> Task goal
What must be handed in is the entire listing, exactly as written, with no pictures.

> Source material
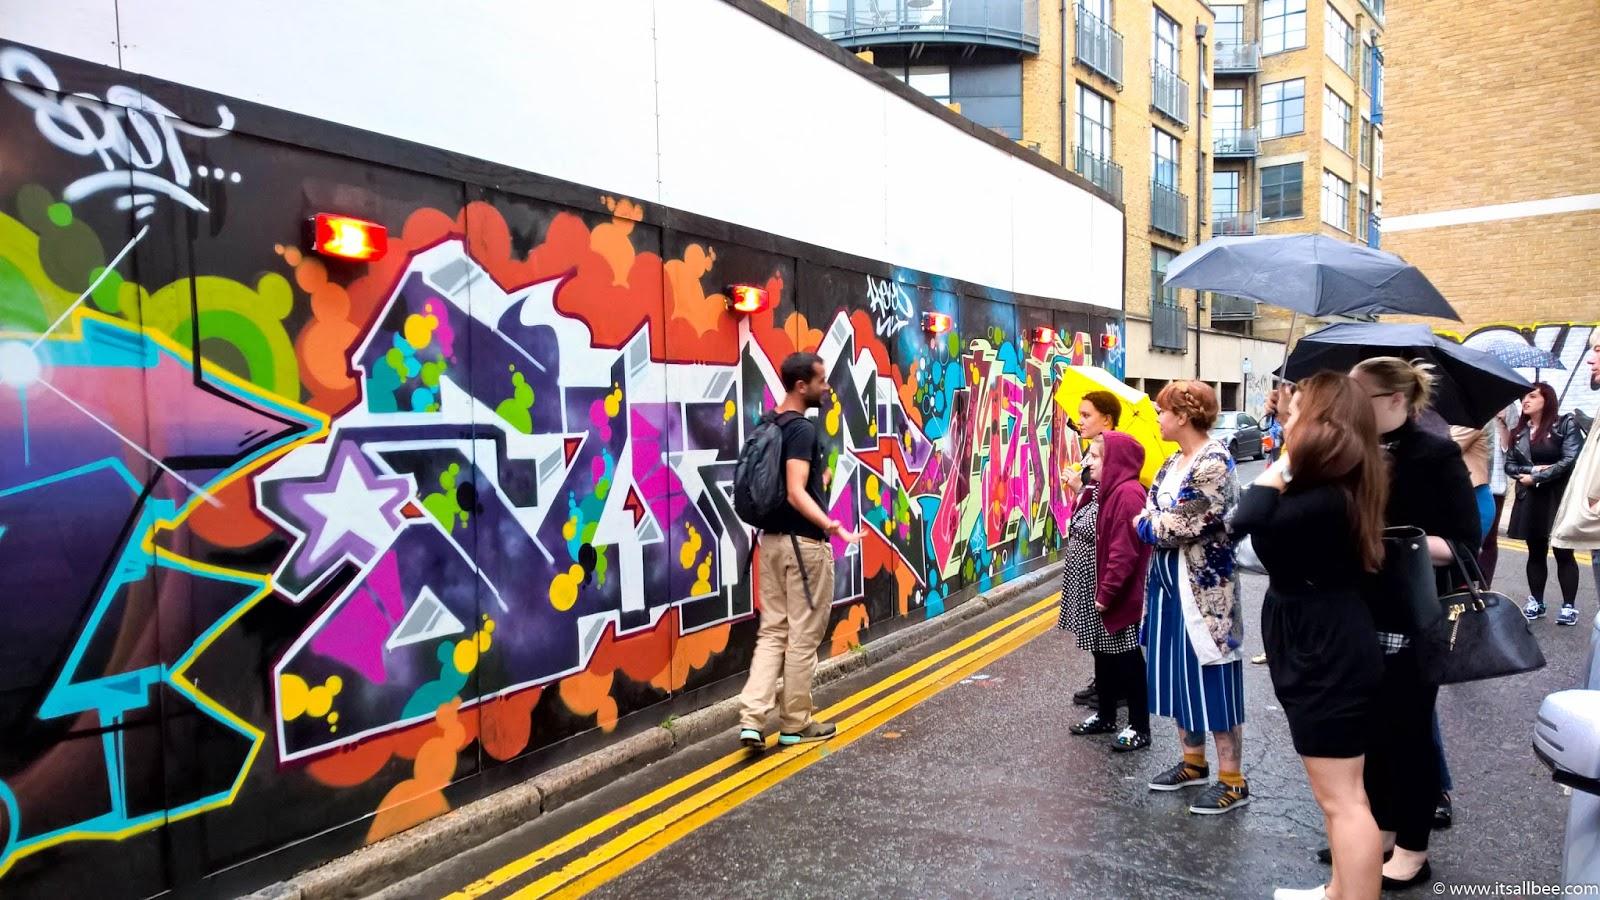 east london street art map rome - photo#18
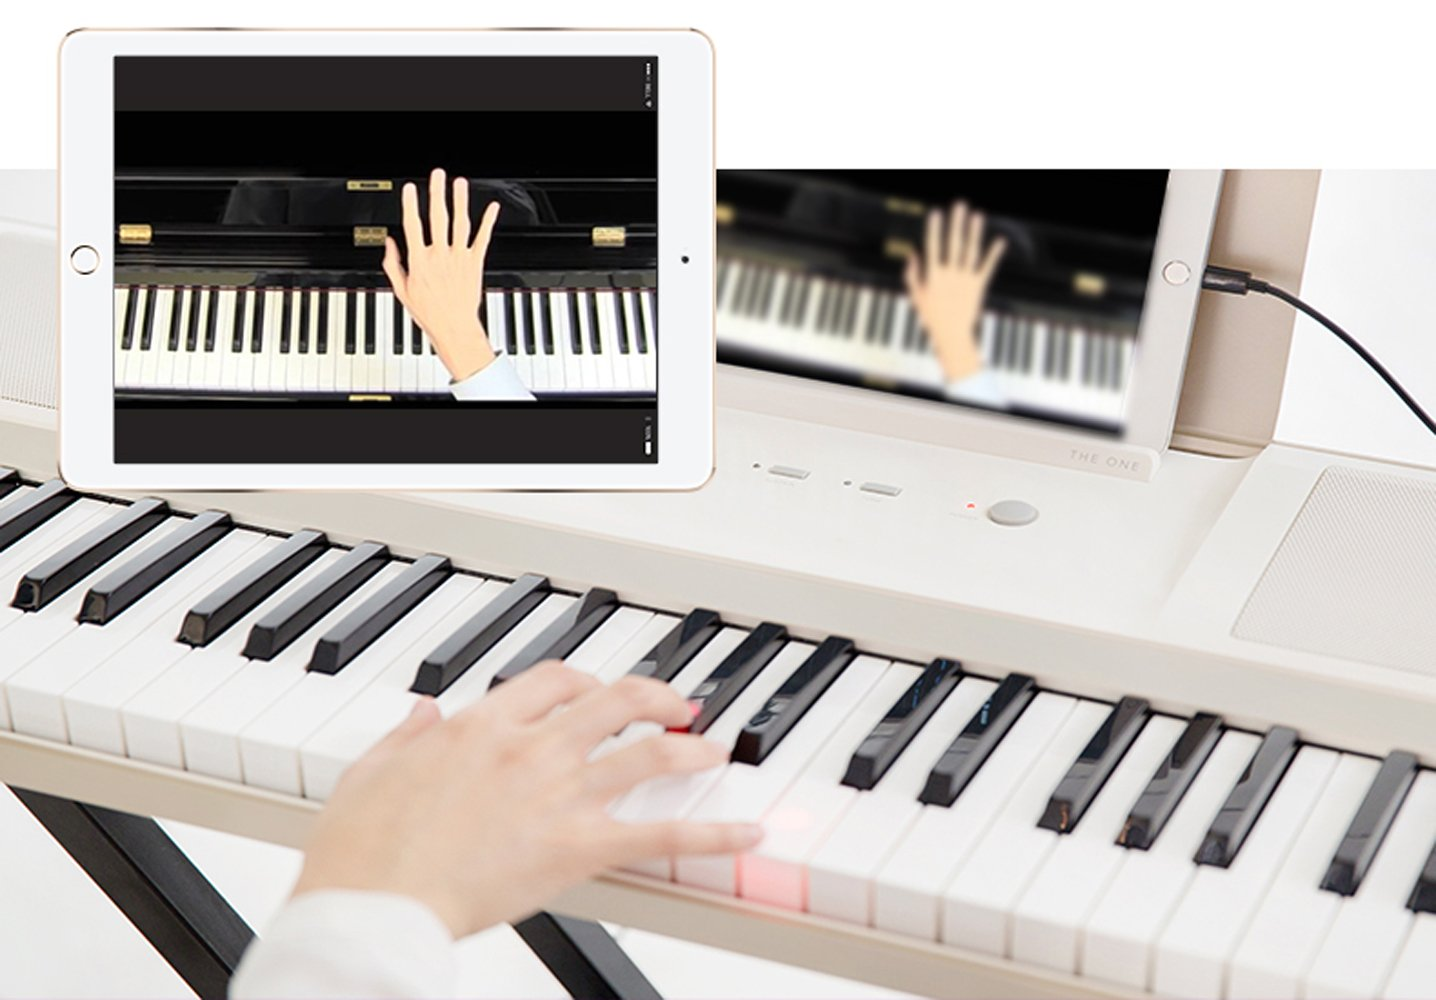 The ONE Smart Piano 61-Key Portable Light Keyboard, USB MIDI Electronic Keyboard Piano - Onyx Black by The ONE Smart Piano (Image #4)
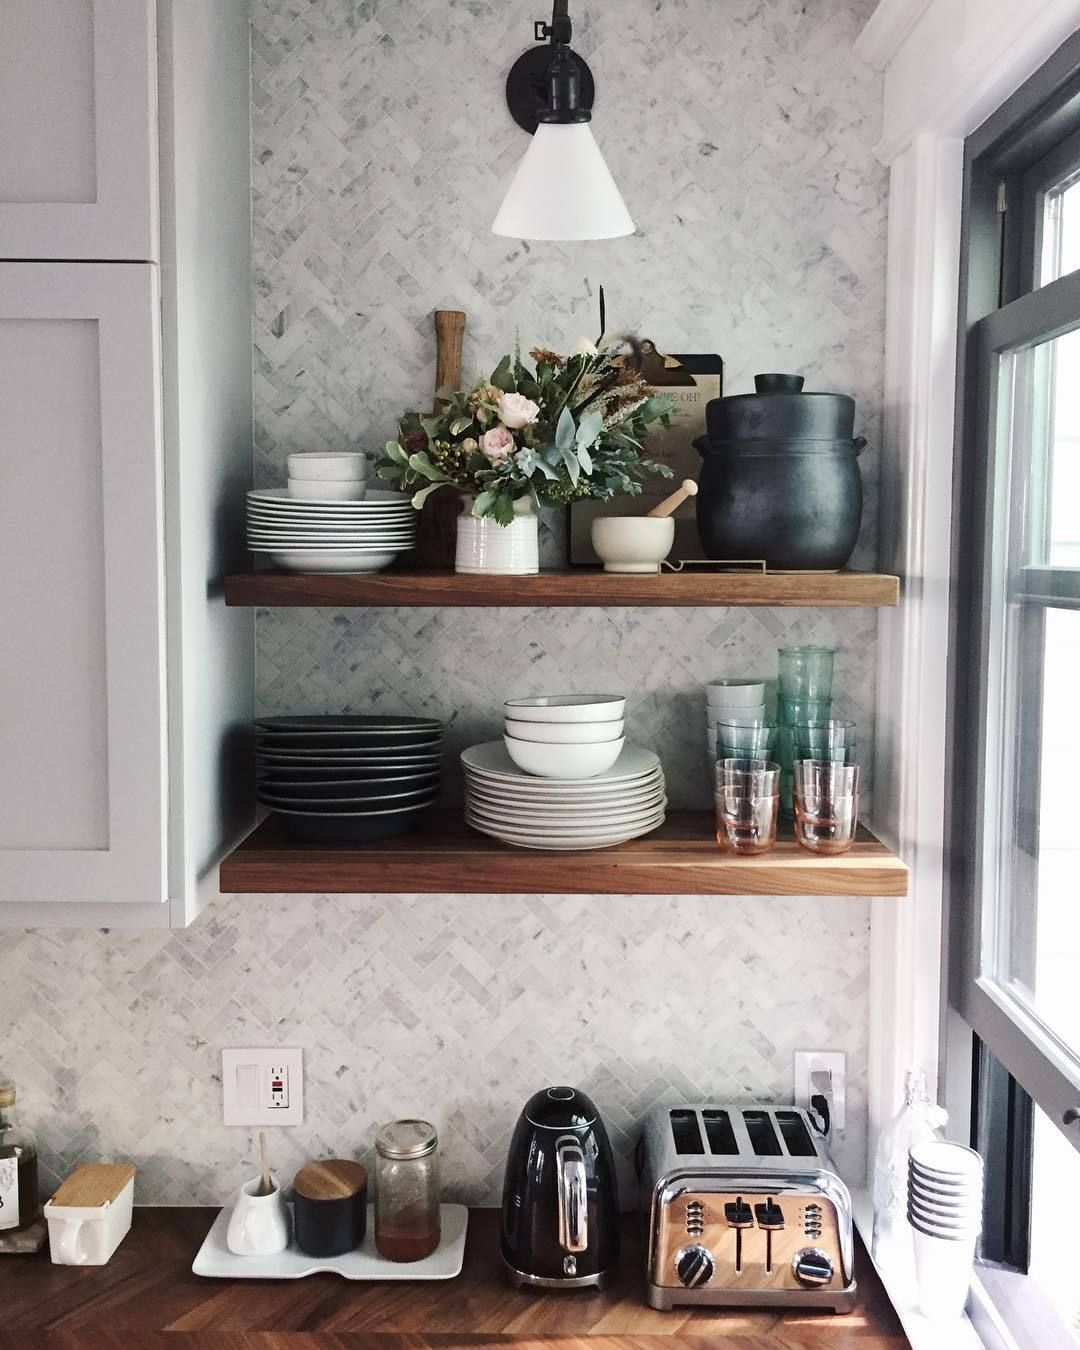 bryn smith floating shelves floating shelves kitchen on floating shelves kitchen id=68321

> Exercise response
 east london street art map rome - photo#18
 The ONE Smart Piano 61-Key Portable Light Keyboard, USB MIDI Electronic Keyboard Piano - Onyx Black by The ONE Smart Piano (Image #4)
 bryn smith floating shelves floating shelves kitchen on floating shelves kitchen id=68321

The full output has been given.